[Provided entries — start]

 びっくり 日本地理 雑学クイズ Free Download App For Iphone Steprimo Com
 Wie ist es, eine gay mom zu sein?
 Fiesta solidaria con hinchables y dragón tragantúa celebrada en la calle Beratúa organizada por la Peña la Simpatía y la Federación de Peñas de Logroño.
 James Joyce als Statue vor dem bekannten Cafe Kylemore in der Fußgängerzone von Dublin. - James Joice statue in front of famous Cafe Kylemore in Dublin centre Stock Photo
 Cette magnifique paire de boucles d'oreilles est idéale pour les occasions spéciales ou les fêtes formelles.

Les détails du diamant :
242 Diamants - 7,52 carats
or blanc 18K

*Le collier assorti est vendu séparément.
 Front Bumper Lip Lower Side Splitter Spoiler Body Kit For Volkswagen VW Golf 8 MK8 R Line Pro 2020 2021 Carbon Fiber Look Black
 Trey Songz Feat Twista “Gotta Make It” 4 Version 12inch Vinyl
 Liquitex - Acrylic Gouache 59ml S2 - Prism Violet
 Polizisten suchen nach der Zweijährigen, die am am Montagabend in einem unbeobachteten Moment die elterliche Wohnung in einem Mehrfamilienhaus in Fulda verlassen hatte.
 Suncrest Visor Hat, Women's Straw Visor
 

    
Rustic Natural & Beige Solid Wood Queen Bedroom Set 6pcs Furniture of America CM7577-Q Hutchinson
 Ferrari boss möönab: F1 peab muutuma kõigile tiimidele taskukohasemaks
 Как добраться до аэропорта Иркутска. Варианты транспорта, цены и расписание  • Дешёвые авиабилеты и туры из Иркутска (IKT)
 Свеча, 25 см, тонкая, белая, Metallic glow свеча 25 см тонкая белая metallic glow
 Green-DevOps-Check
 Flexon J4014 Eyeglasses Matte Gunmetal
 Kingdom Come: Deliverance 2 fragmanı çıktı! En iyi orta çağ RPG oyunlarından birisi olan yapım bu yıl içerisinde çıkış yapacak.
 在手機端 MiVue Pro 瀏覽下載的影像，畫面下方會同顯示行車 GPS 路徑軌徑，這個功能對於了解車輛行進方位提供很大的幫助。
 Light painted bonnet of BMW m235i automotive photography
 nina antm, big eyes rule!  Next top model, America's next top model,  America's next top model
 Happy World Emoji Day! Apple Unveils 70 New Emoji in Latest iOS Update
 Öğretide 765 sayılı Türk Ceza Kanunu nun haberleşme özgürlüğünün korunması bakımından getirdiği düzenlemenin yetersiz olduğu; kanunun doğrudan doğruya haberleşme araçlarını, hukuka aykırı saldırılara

[Provided entries — finish]

■ What you should do ■
Reproduce only the lines above, starting at the line with "est vendu séparément." and ending at the line with "Liquitex - Acrylic", exactly as written.

■ Answer space ■
*Le collier assorti est vendu séparément.
 Front Bumper Lip Lower Side Splitter Spoiler Body Kit For Volkswagen VW Golf 8 MK8 R Line Pro 2020 2021 Carbon Fiber Look Black
 Trey Songz Feat Twista “Gotta Make It” 4 Version 12inch Vinyl
 Liquitex - Acrylic Gouache 59ml S2 - Prism Violet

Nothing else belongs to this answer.